假设您想从亚马逊购买“Mahout in Action”这本书:

Suppose you want to purchase the book “Mahout in Action” from Amazon:

mahout in action

除了所选产品,亚马逊还显示了一系列相关推荐商品,如下所示。

Along with the selected product, Amazon also displays a list of related recommended items, as shown below.

items

此类推荐列表借助于 recommender engines 生成。Mahout 提供了几种类型的推荐引擎,例如:

Such recommendation lists are produced with the help of recommender engines. Mahout provides recommender engines of several types such as:

  1. user-based recommenders,

  2. item-based recommenders, and

  3. several other algorithms.

Mahout Recommender Engine

Mahout 拥有一个非分布式、非基于 Hadoop 的推荐引擎。您应该传递一个包含用户对商品首选项的文本文档。此引擎的输出将是特定用户对其他商品的估计首选项。

Mahout has a non-distributed, non-Hadoop-based recommender engine. You should pass a text document having user preferences for items. And the output of this engine would be the estimated preferences of a particular user for other items.

Example

考虑一个销售消费商品(例如手机、小工具及其配件)的网站。如果我们希望在这样一个网站中实现 Mahout 的功能,那么我们可以构建一个推荐引擎。此引擎会分析过去用户的购买数据,然后基于其推荐新产品。

Consider a website that sells consumer goods such as mobiles, gadgets, and their accessories. If we want to implement the features of Mahout in such a site, then we can build a recommender engine. This engine analyzes past purchase data of the users and recommends new products based on that.

Mahout 提供的构建推荐引擎的组件如下:

The components provided by Mahout to build a recommender engine are as follows:

  1. DataModel

  2. UserSimilarity

  3. ItemSimilarity

  4. UserNeighborhood

  5. Recommender

从数据存储,准备数据模型并将其作为输入传递给推荐引擎。推荐引擎为特定用户生成推荐。以下是推荐引擎的架构。
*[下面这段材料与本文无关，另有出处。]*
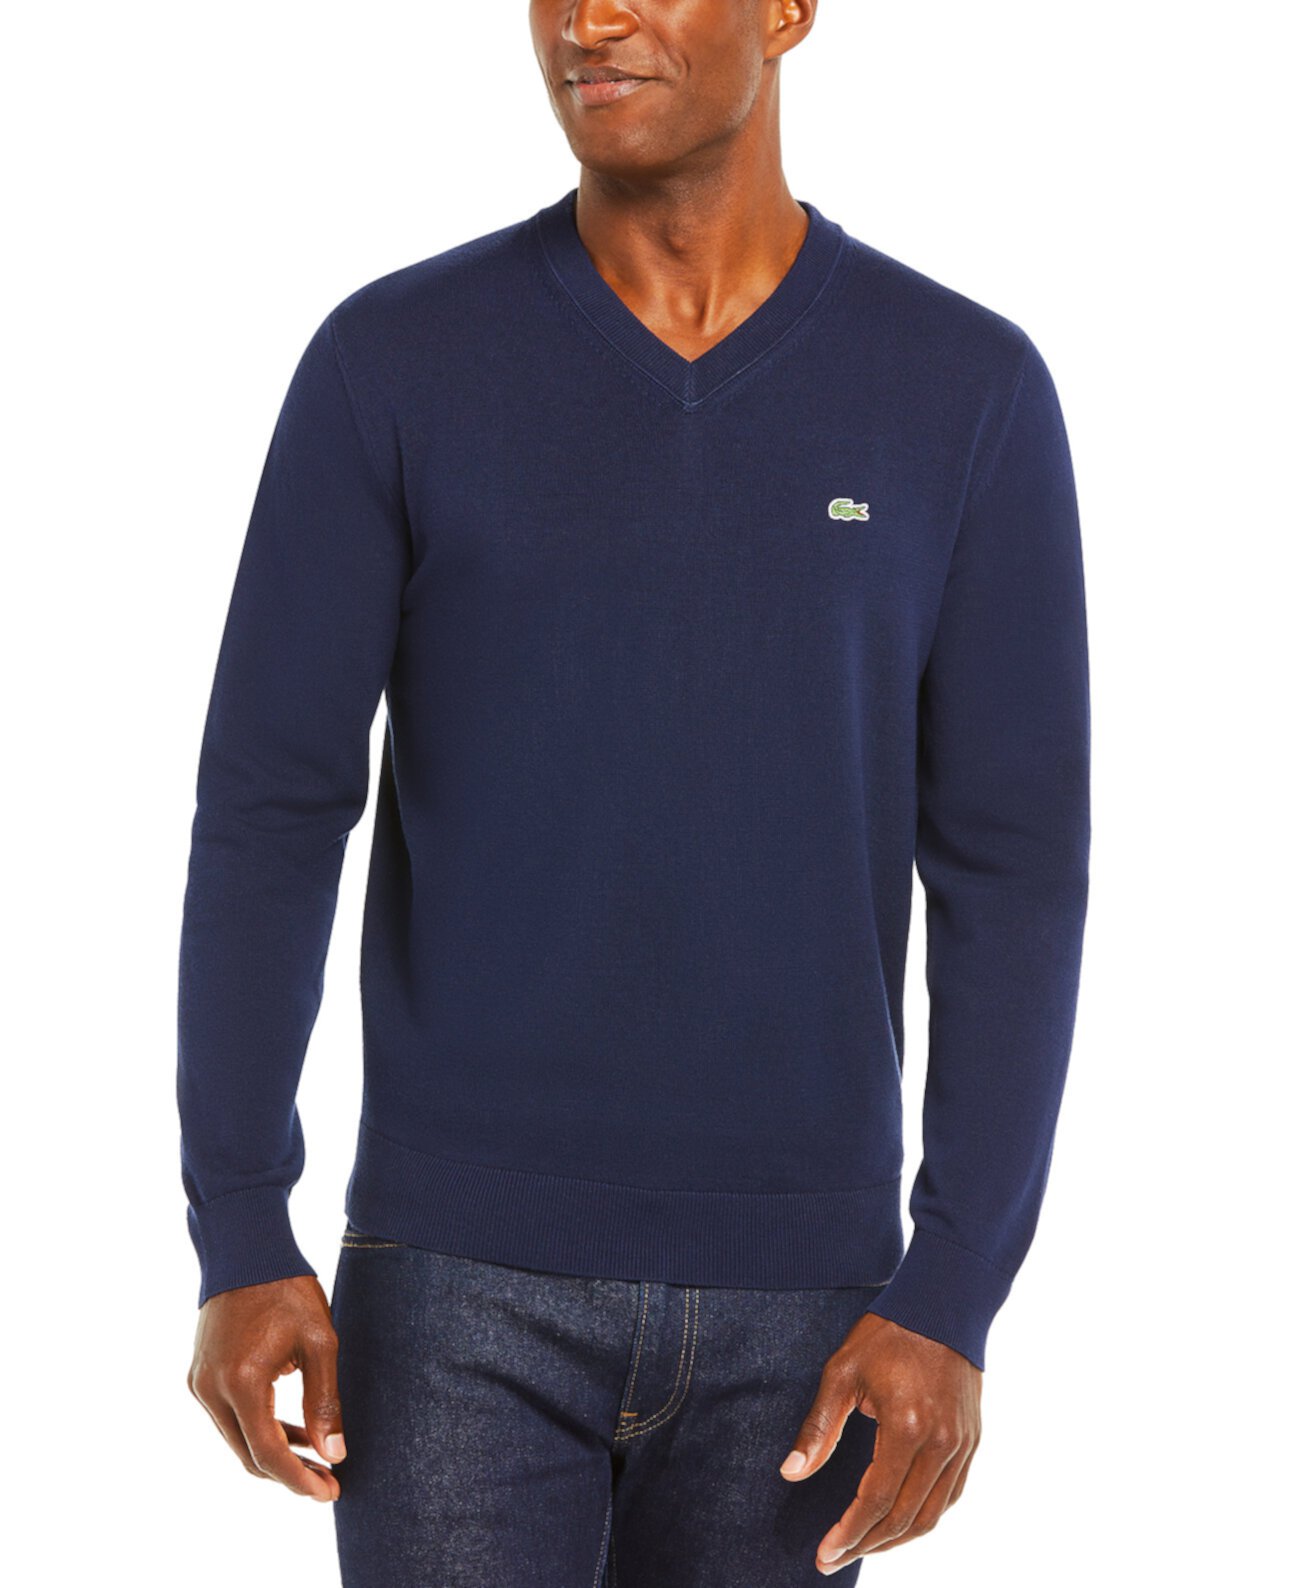 Хлопковый мужской свитер с V-образным вырезом Lacoste

From the data store, the data model is prepared and is passed as an input to the recommender engine. The Recommender engine generates the recommendations for a particular user. Given below is the architecture of recommender engine.

Architecture of Recommender Engine

recommender engine

Building a Recommender using Mahout

以下是开发一个简单推荐引擎的步骤:

Here are the steps to develop a simple recommender:

Step1: Create DataModel Object

PearsonCorrelationSimilarity 类的构造函数需要一个数据模型对象,该对象包含一个文件,其中包含产品的用户、商品和首选项详细信息。以下为数据模型文件示例:

The constructor of PearsonCorrelationSimilarity class requires a data model object, which holds a file that contains the Users, Items, and Preferences details of a product. Here is the sample data model file:

1,00,1.0
1,01,2.0
1,02,5.0
1,03,5.0
1,04,5.0

2,00,1.0
2,01,2.0
2,05,5.0
2,06,4.5
2,02,5.0

3,01,2.5
3,02,5.0
3,03,4.0
3,04,3.0

4,00,5.0
4,01,5.0
4,02,5.0
4,03,0.0

DataModel 对象需要文件对象,其中包含输入文件的路径。如下所示,创建 DataModel 对象。
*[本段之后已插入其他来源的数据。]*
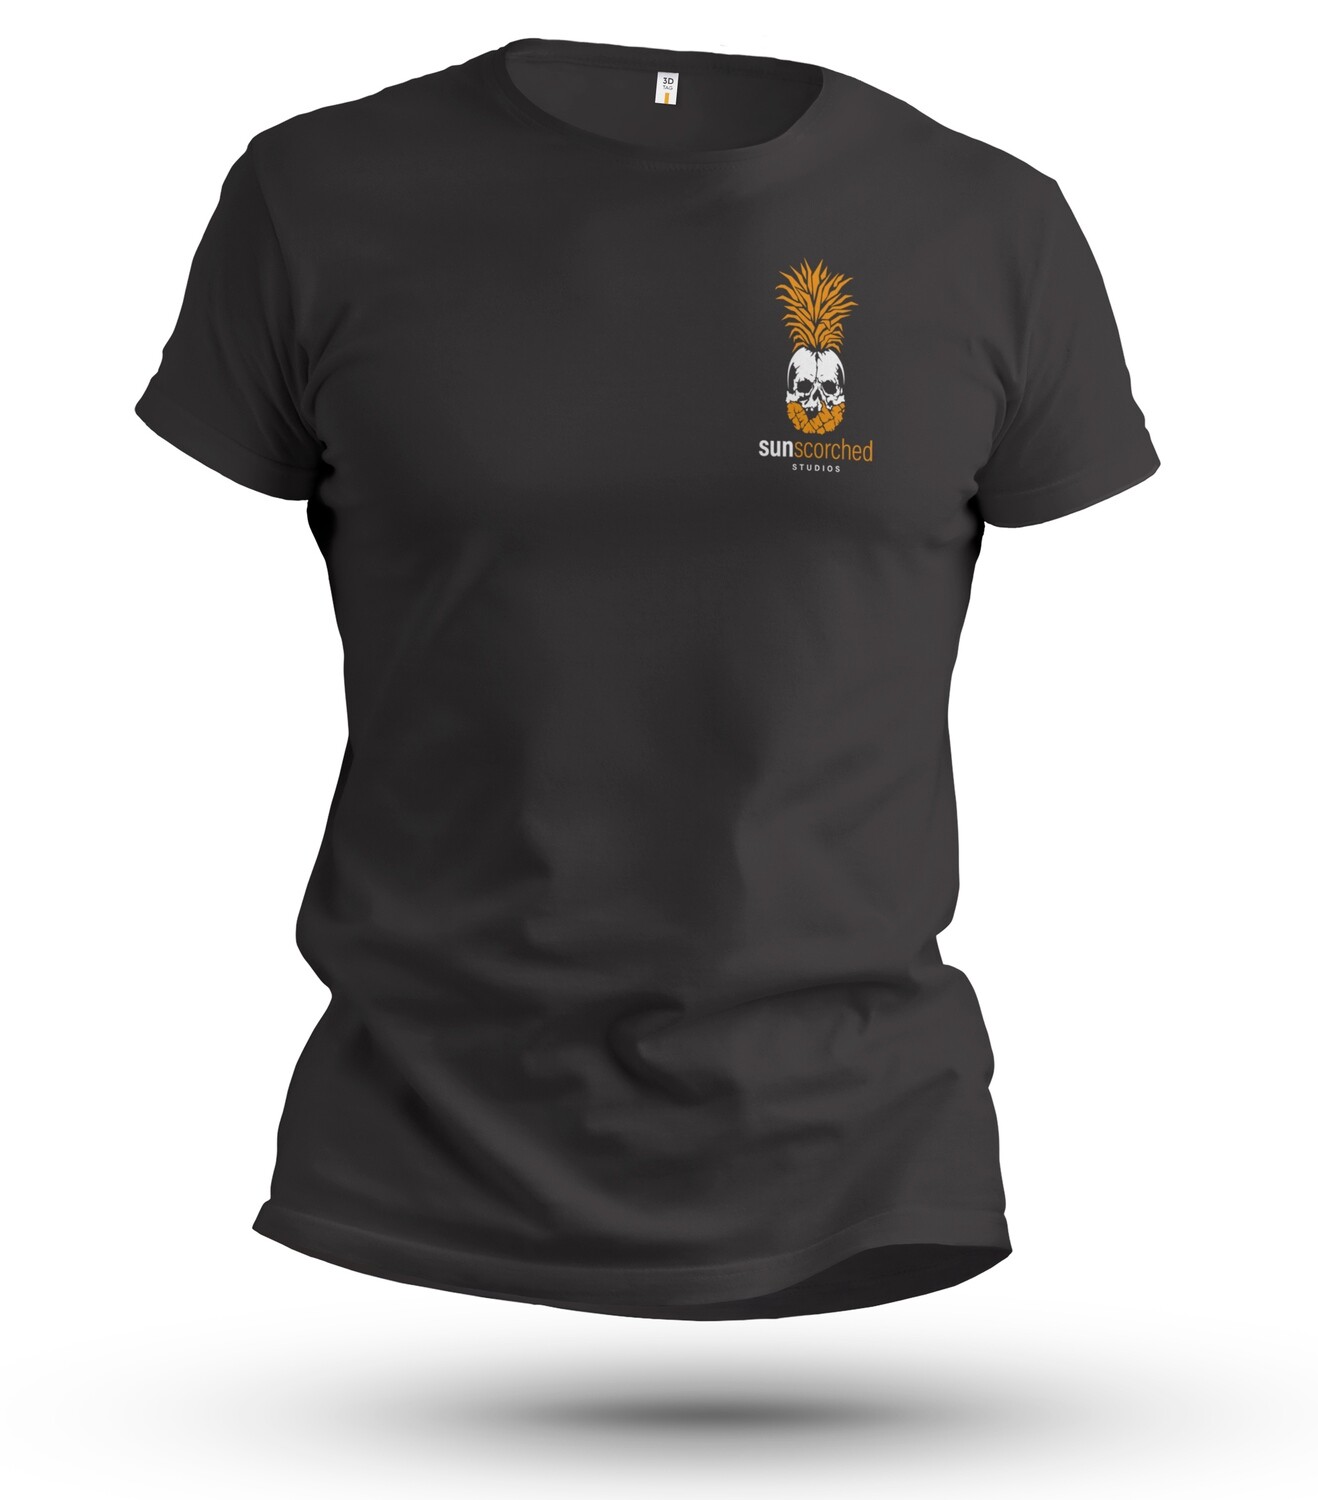 Unisex Black Sunscorched Studios T-shirt

The DataModel object requires the file object, which contains the path of the input file. Create the DataModel object as shown below.
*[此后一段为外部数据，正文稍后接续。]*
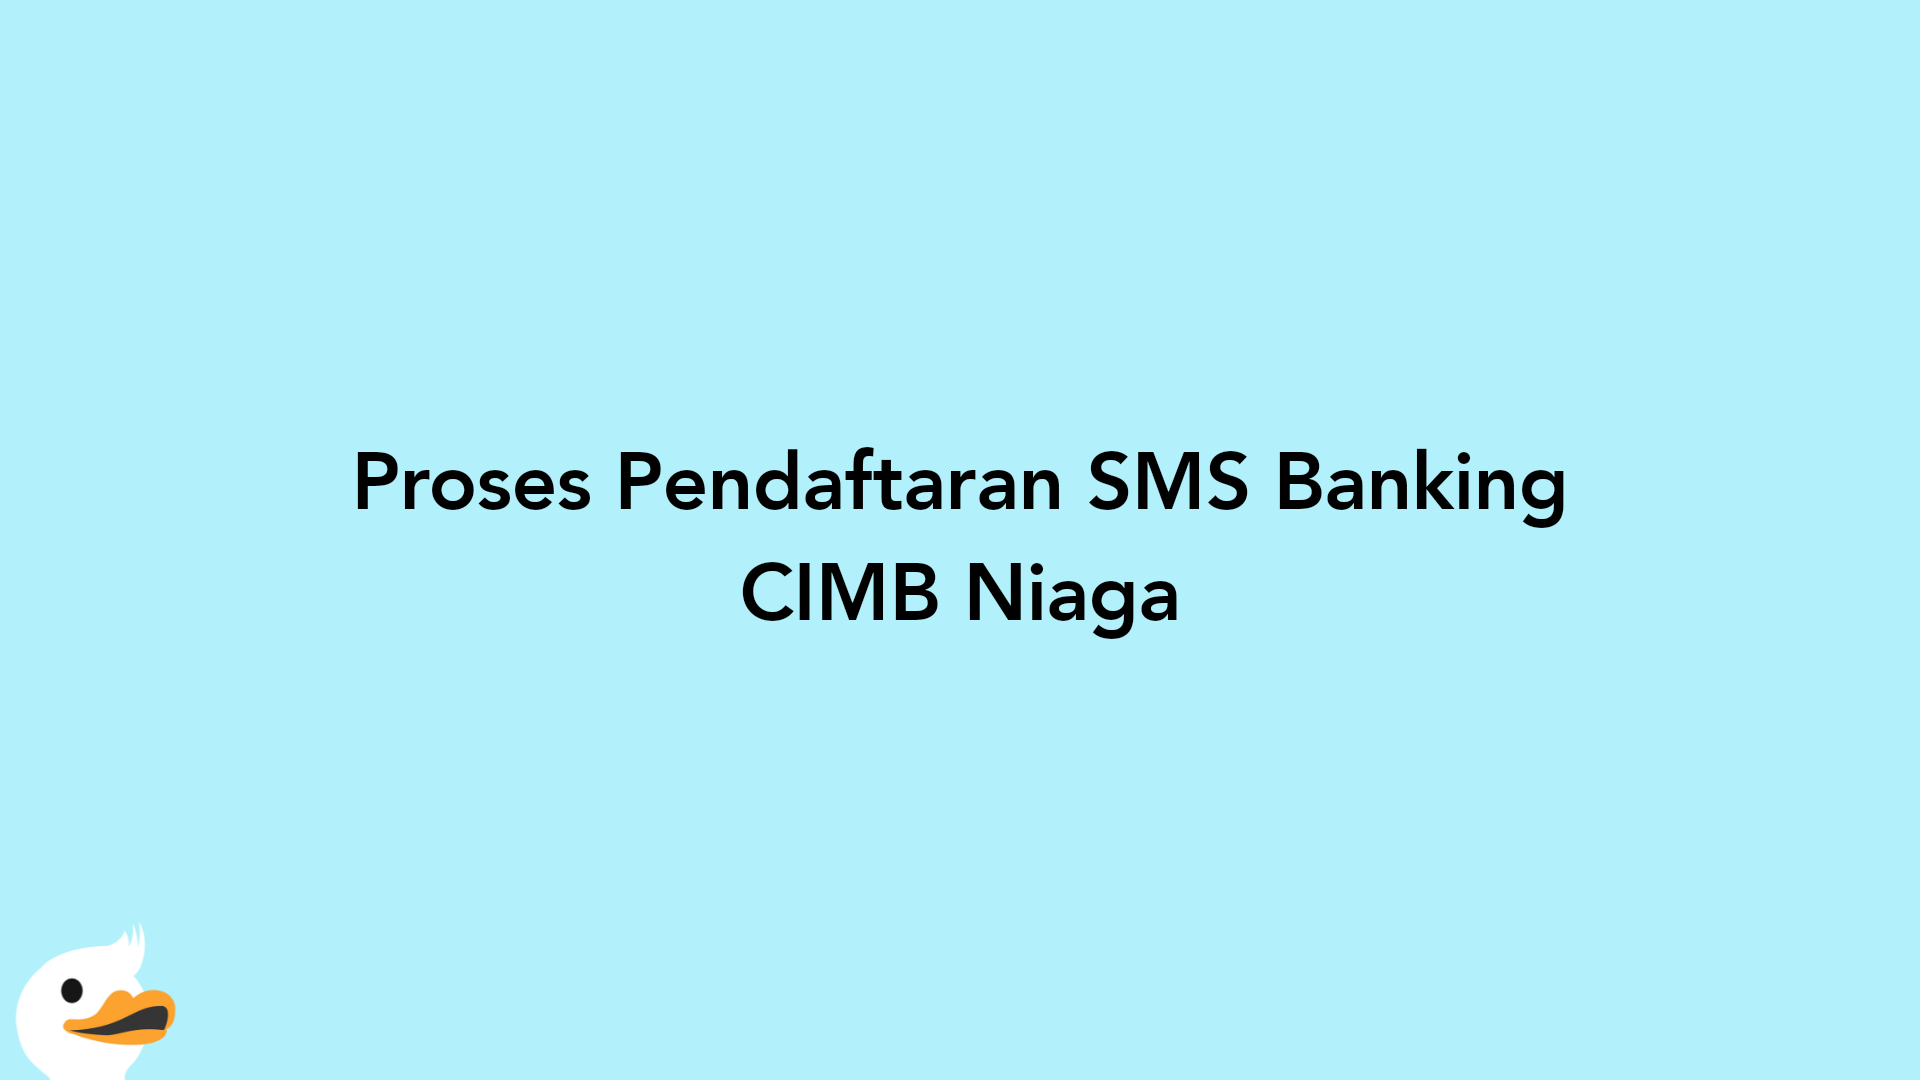 Proses Pendaftaran SMS Banking CIMB Niaga

DataModel datamodel = new FileDataModel(new File("input file"));

Step2: Create UserSimilarity Object

使用 PearsonCorrelationSimilarity 如下所示创建 UserSimilarity 对象:

Create UserSimilarity object using PearsonCorrelationSimilarity class as shown below:

UserSimilarity similarity = new PearsonCorrelationSimilarity(datamodel);

Step3: Create UserNeighborhood object

此对象计算用户相对于给定用户的“邻域”。有两种类型的邻域:

This object computes a "neighborhood" of users like a given user. There are two types of neighborhoods:

  1. NearestNUserNeighborhood - This class computes a neighborhood consisting of the nearest n users to a given user. "Nearest" is defined by the given UserSimilarity.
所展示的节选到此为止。